Susto de madrugada. O acidente de Baltimore e o ocorrido em Ferrol no início de 1998 têm mais pontos em comum do que partilha de protagonistas: um grande navio e uma grande ponte. Em ambos os casos o incidente ocorreu no início do ano – em 26 de março nos EUA; no dia 13 de janeiro na Galiza – e em ambos os casos também de madrugada. Se em Baltimore a Guarda Costeira alertou para o desabamento da ponte à 1h27, em Ferrol a colisão foi registada por volta da mesma hora.
E não qualquer noite. Como eles explicam A voz da Galiza Alguns dos agentes e vereadores que compareceram ao local do acidente em Ferrol no dia 13 de janeiro de 1998, na madrugada de inverno. Com chuva. Quase sem visibilidade. E sobretudo com rajadas de vento muito fortes, tão fortes que ultrapassaram os 140 quilômetros por hora e explicam em grande parte o que aconteceu na ria.
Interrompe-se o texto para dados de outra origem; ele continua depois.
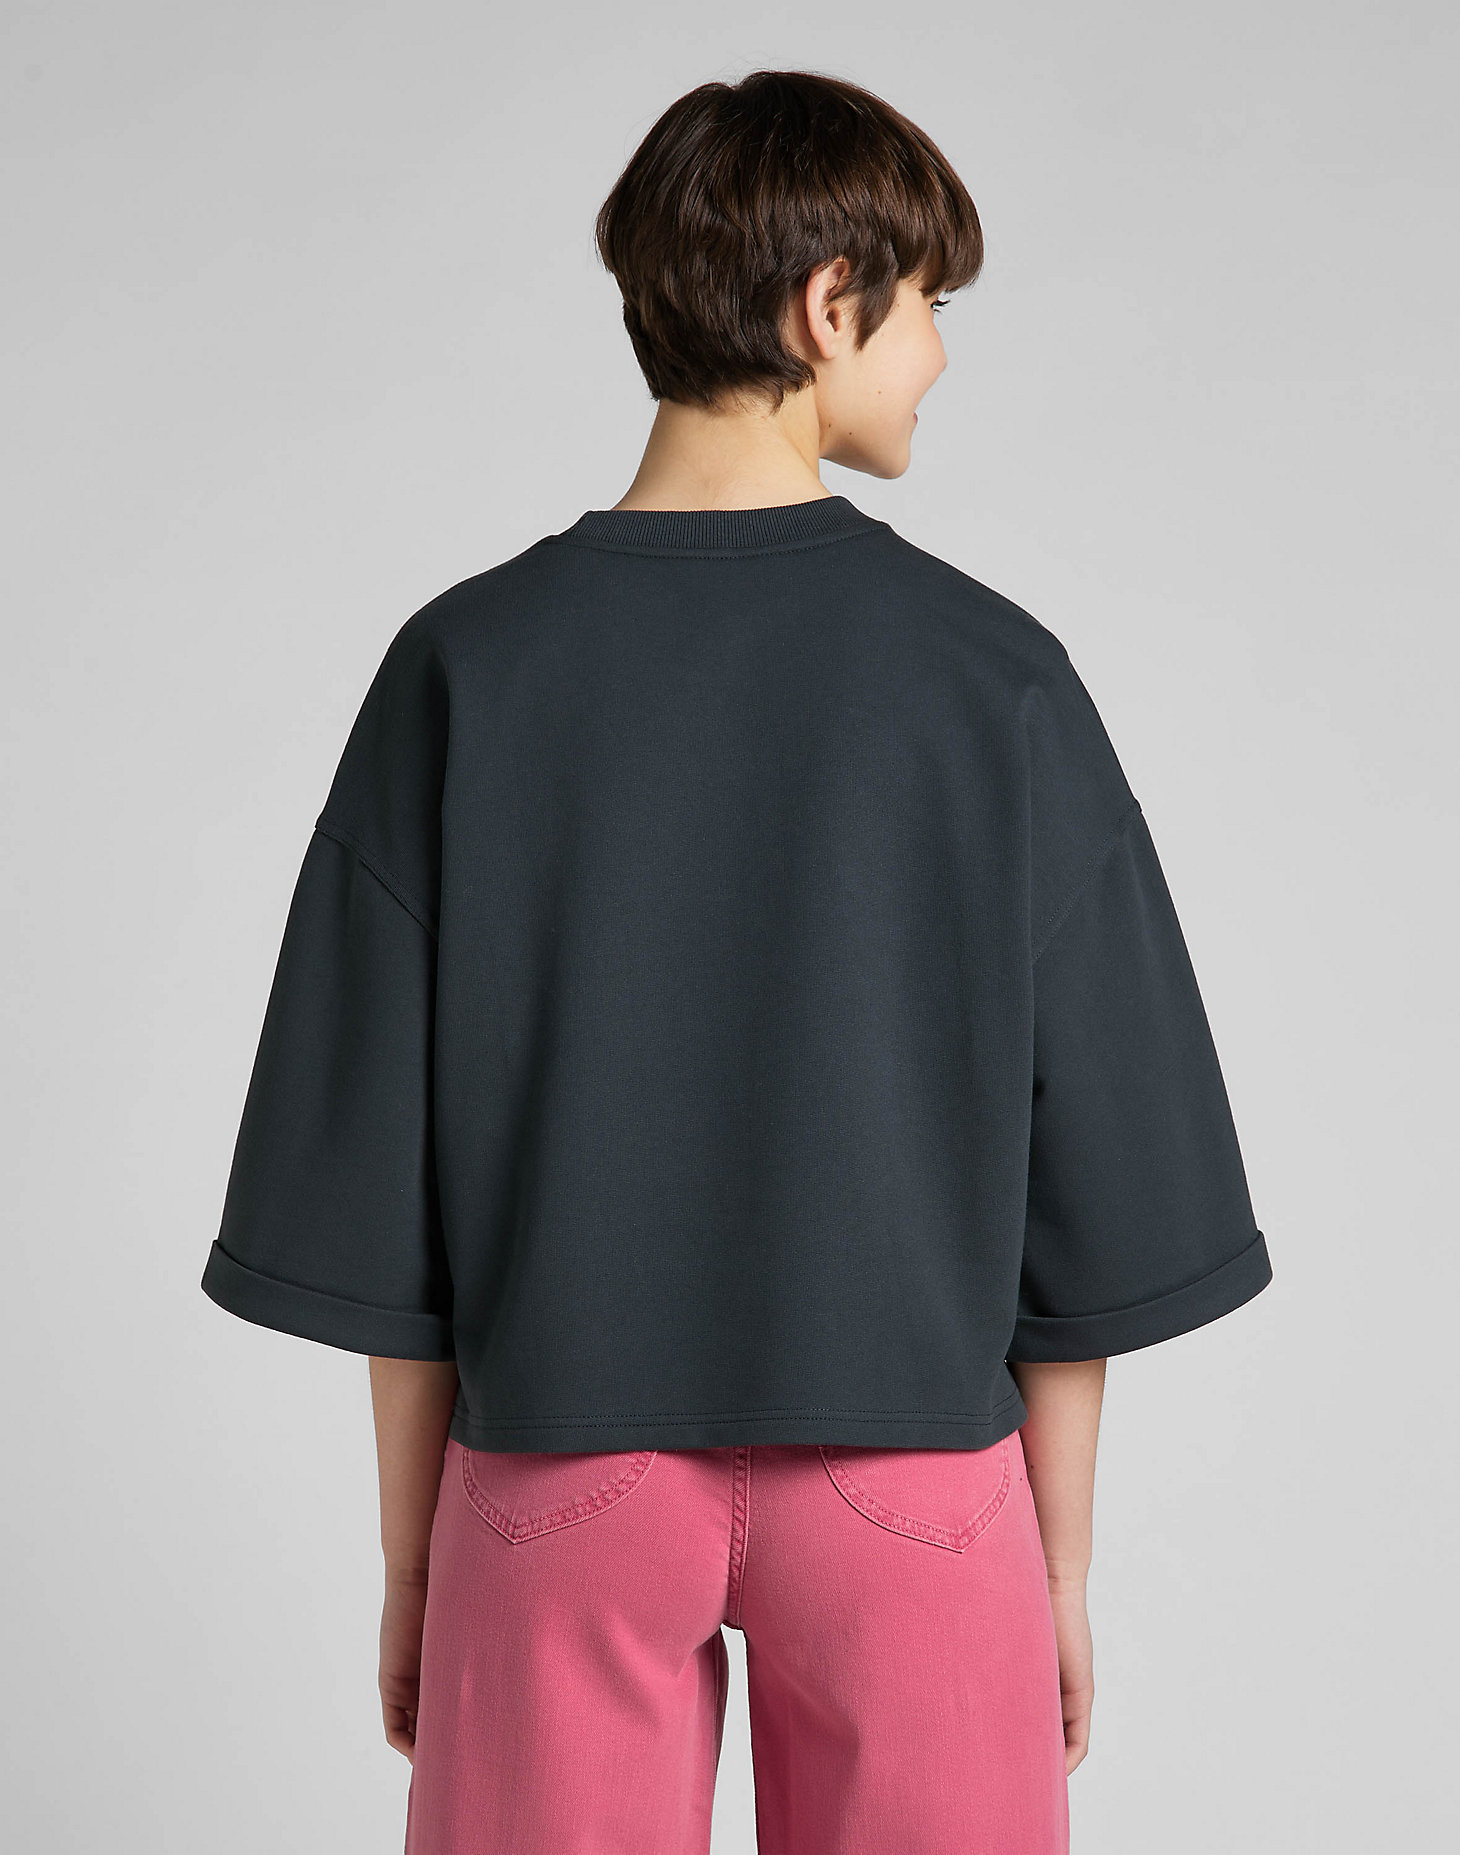 Cropped Sweatshirt in Charcoal alternative view 1

Uma caminhada de 300 metros. Aquela manhã desagradável acabou por romper as 16 cordas que mantinham o Discover Enterprise atracado às docas da Ria de Ferrol, uma enorme plataforma de prospecção petrolífera com 254 metros de comprimento e 38 metros de largura que vinha ganhando forma há algum tempo nas instalações de Astano, em Fene. Os responsáveis provavelmente contavam com a força do vento, mas não com o facto de as rajadas acabarem por impulsionar aquele navio inacabado, como aconteceu na noite de 13 de Janeiro, quando o barco se libertou das cordas que o prendiam e foi deixado à deriva pelo mar. o estuário
Assim, embalado pelas ondas, empreendeu um inesperado percurso baptismal de 300 metros que terminou de uma das piores formas possíveis: com uma tremenda colisão contra a ponte As Pías, um viaduto com uma faixa em cada sentido e acostamentos que desempenharam um papel fundamental papel nas comunicações entre Ferrol e a sua área metropolitana. Também neste aspecto, o acontecimento galego é semelhante ao de Baltimore, onde o navio envolvido, denominado Dali, é um cargueiro que arvora bandeira de Singapura e mede 300 x 48,2 m.
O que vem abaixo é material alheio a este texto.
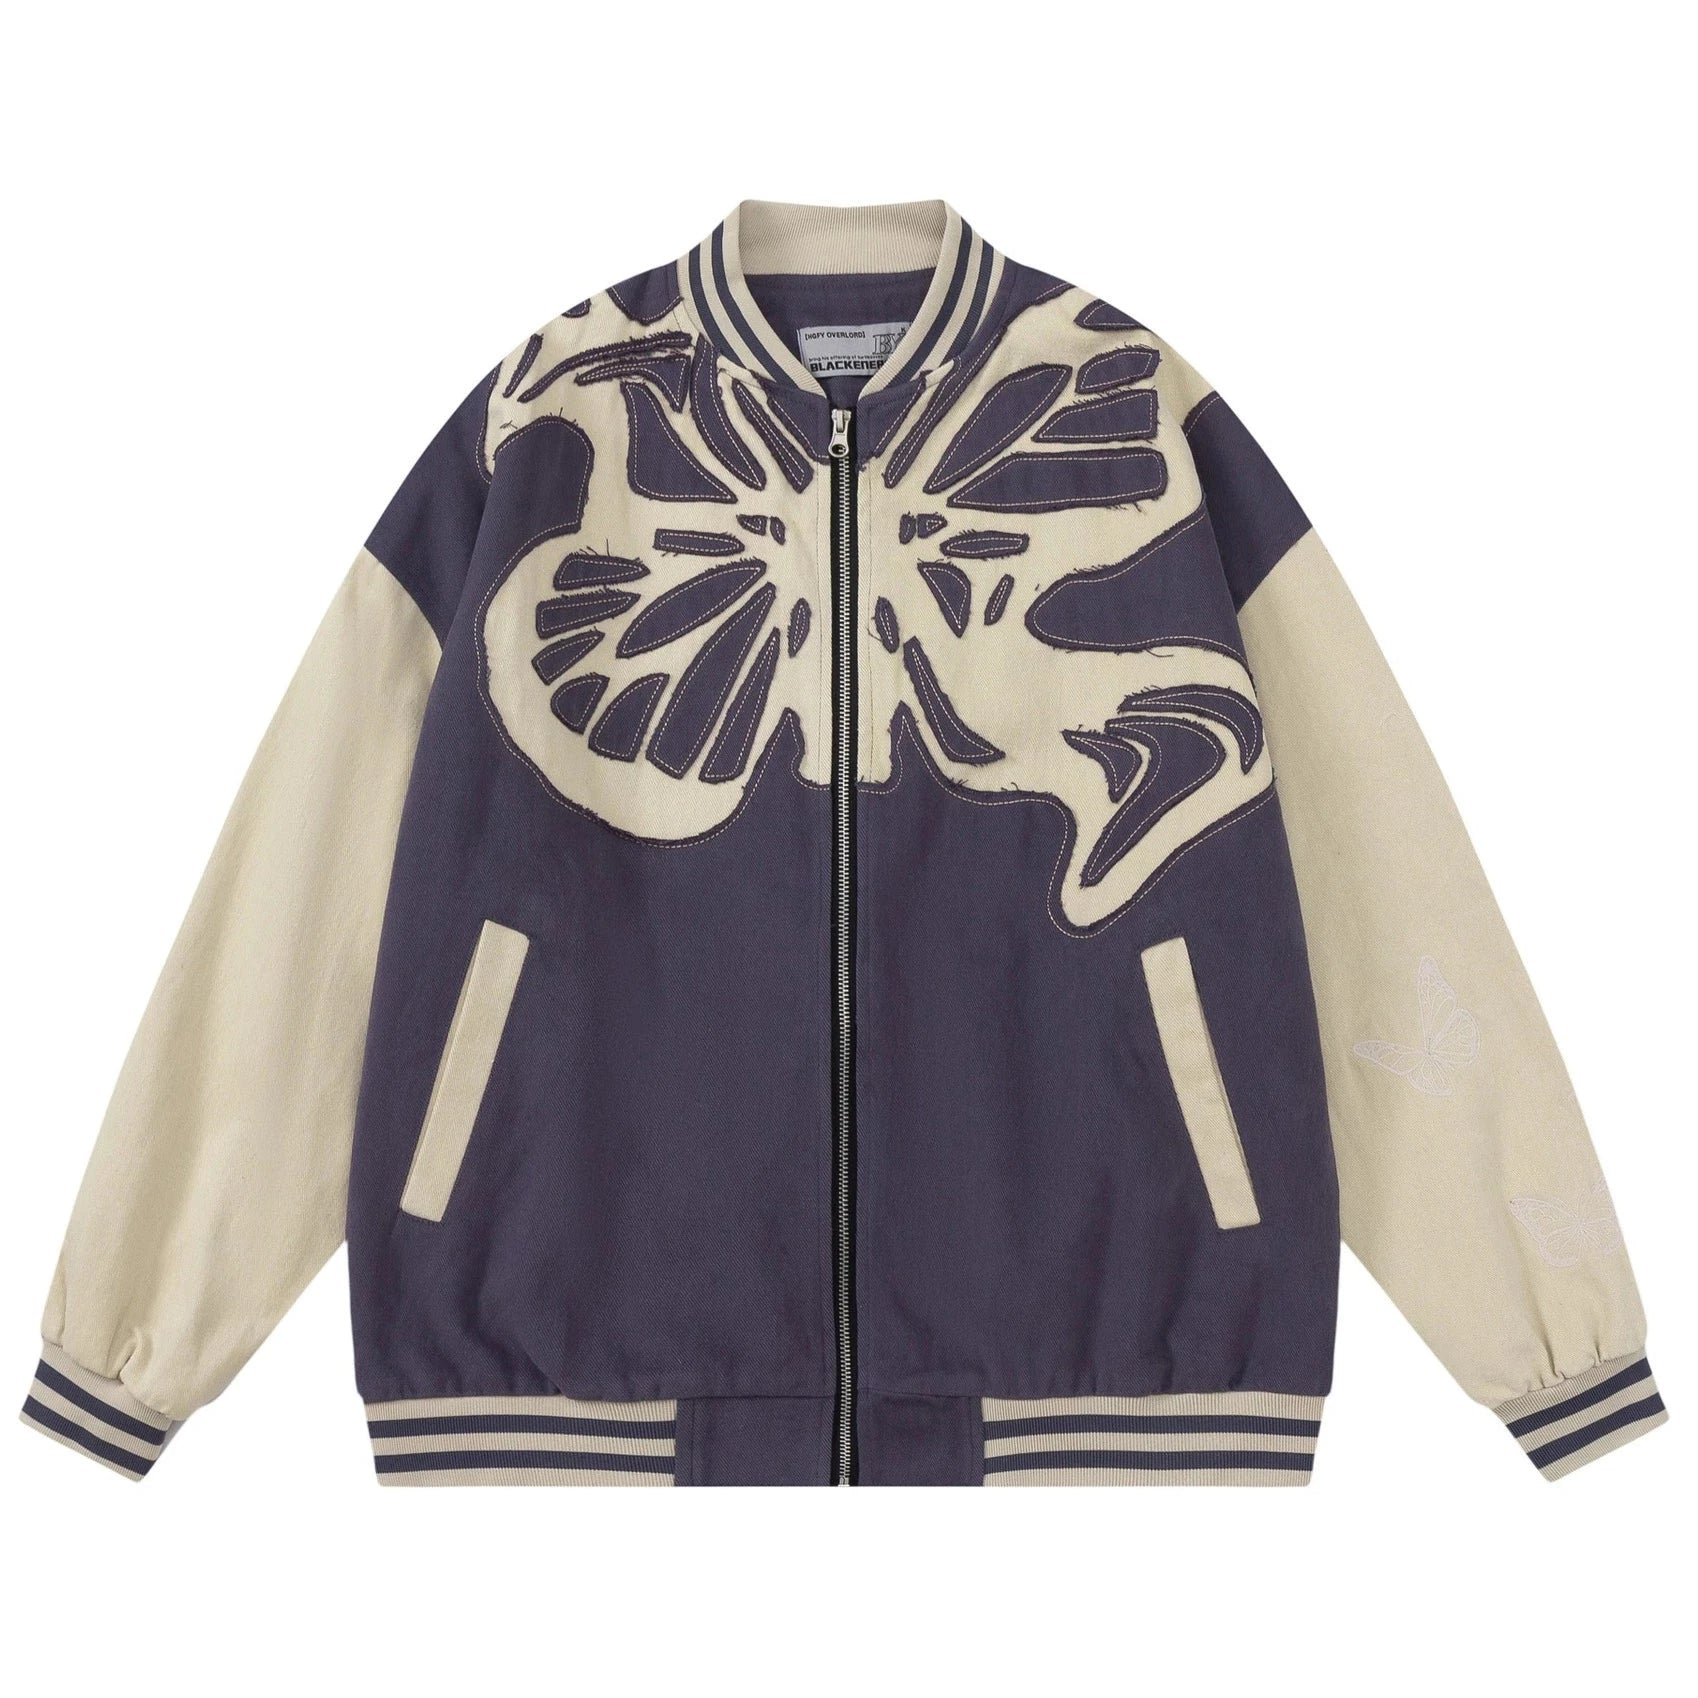 Clout Collection Varsity Jacket with Custom Bone Patching

Uma ponte desabada. Esse foi o resultado em ambos os casos, o de Baltimore e o de Ferrol, com 26 anos de diferença. Embora no primeiro caso a causa pareça ser uma “perda de propulsão” que impediu a tripulação de controlar o barco e no segundo, o da Galiza, foi o clima que desempenhou um papel fundamental, o resultado foi mais ou menos o mesmo: uma colisão violenta contra uma ponte.
O Dali atingiu um dos pilares da Francis Scott Key, a maior ponte de Baltimore, causando o colapso da estrutura. Em Janeiro de 1998, a Discover Entrerprise acabou por embater na ponte mais icónica de Ferrol, a ponte As Pías, que atravessa a ria e liga Fene a Ferrol, com tal violência que deixou um enorme estrago de cerca de 100 metros no viaduto e forçou a sua reconstrução.
A tempestade perfeita. “Houve muitas coincidências: o vento, o facto do barco não estar bem amarrado, que os direcionou para um determinado ponto e que foram precisamente para o centro, para o ponto mais fraco, o da proa”, reconhece. A voz da Galiza Manuel Fernández-castro Cancela, então Vereador de Trânsito de Ferrol. A ligação com a qual foi informado do acidente o pegou já na cama, dormindo, e ele teve que demorar para assimilar o ocorrido: “O que significou bater?”, respondeu ele quando lhe contaram o que o Discover tinha feito.
De segundos… a semanas e anos. O acidente ocorreu em ambos os casos em questão de segundos. Suas consequências, porém, duram muito mais tempo. No caso de Baltimore, as autoridades ainda procuravam esta manhã seis pessoas desaparecidas. No caso de Ferrol, o incidente causou um problema logístico que complicou as comunicações entre a cidade e seu entorno. De terem acesso ágil, rápido e direto, os motoristas passaram a enfrentar um desvio de mais de 10 km.
“Entrar em Ferrol foi francamente horrível, as horas passaram”, lembra o ex-vereador, que comemora, claro, que os danos foram basicamente materiais. Como as tubulações de abastecimento que ligavam à estação de tratamento de água de Ferrol passavam pelo viaduto, vários municípios da região também ficaram sem abastecimento de água potável. O lado positivo é que o que aconteceu mostrou que a cidade precisava de melhores ligações e que os seus vizinhos não podiam depender apenas de uma ponte. As Pías foram reconstruídas num tempo recorde de 56 dias. Anos depois chegaria a rodovia AP-9, com novo trecho e viaduto no fundo do estuário.